Grown for more than 7,000 years in Mexican highlands, avocados provided the fat in the diets of the populations of pre-Columbian civilizations.

When the Conquistadors discovered the New World, they were amazed by the "tender flesh" and the "delicate and creamy flavor" of avocados. In fact, Spanish missionaries forbade their consumption during Lent because their texture and flavor were too close to those of meat!

Known as aguacate, the fruit spread quickly throughout Latin America. It was first grown in the Antilles (since 1750), then in all the tropical and subtropical regions suited to its farming.
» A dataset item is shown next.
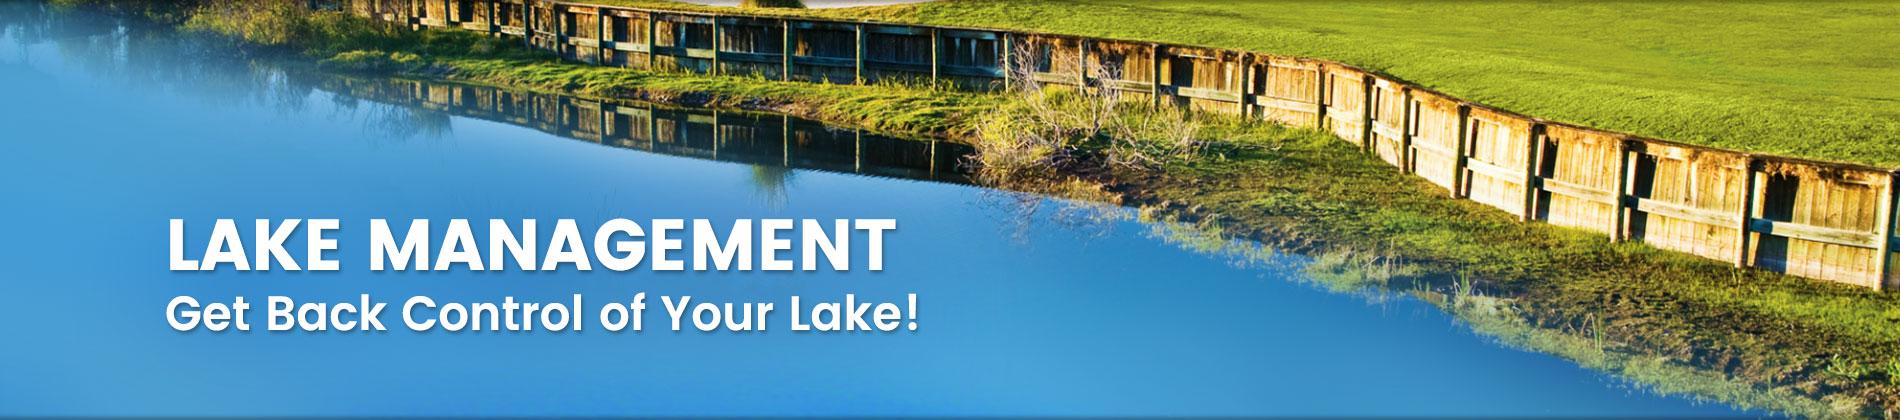 Lake Management in DeLand, FL

It is now found around the world, particularly in Central and South America.

In Europe, it was introduced into Spain in 1519, but large-scale cultivation has only been developed recently. It was only in the 1950s that it began to appear on our tables, first as a rare and luxury item. As a result of globalization, it has become available to all and is now an everyday product. 

Avocados are climacteric; in other words, the fruit is picked before maturity and ripens afterwards.

The flesh of a ripe avocado is soft to the touch: it is ready for eating straight away. Skin that is too dark near the stalk is the sign of over-ripe flesh with dark blemishes inside. 

Avocados are sold fresh individually. They can also be found frozen, or made into guacamole.

Oil is extracted from the flesh and can be used either hot or cold.

Avocados ripen at room temperature. They can be wrapped in newspaper or stored in a paper bag with a banana or apple. These release ethylene and speed up the ripening process.

Once ripe, avocados are stored in the refrigerator. Care should be taken not to stack them, and they should be handled carefully, as this fruit is prone to bruising.

Avocado flesh oxidizes very quickly: it should be stored with lemon juice or ascorbic acid.

If blanched in boiling water and chilled immediately, it retains all its color.

The avocado is the only fruit that contains fat. It mainly comprises monosaturated fatty acids, which are comparable with those found in olive oil, and is beneficial for the cardiovascular system.

It is also high in vitamins and minerals. 

The most common varieties are:

  • Edranol: elongated pear shape, hard and thick skin, small pit (South Africa, June through October).
  • Ettinger: elongated, thin and smooth skin, bright green. Very delicate flavor. 250–350 g in weight (South Africa, May through September; Israel, September through April).
  • Fuerte : the most commonly grown variety. Shaped like a pear, thin and matte skin, dark green. Creamy flesh. 250–400 g in weight (Peru, Spain, Israel, October through April; South Africa, April through September).
  • Hass: small, hard, and grainy skin, purplish brown, creamy and aromatic flesh. 250–300 g in weight (Peru, Chile, Spain, September through April; Mexico, September through December; Israel, February through April; South Africa, April through September).
  • Lula: large, rounded base, glossy skin, yellowish green. 300–400 g in weight (Antilles, August through October).
  • Nabal: large, spherical, smooth and dark skin. Lower fat content, can be cooked. 300–500 g in weight (Israel, January through March).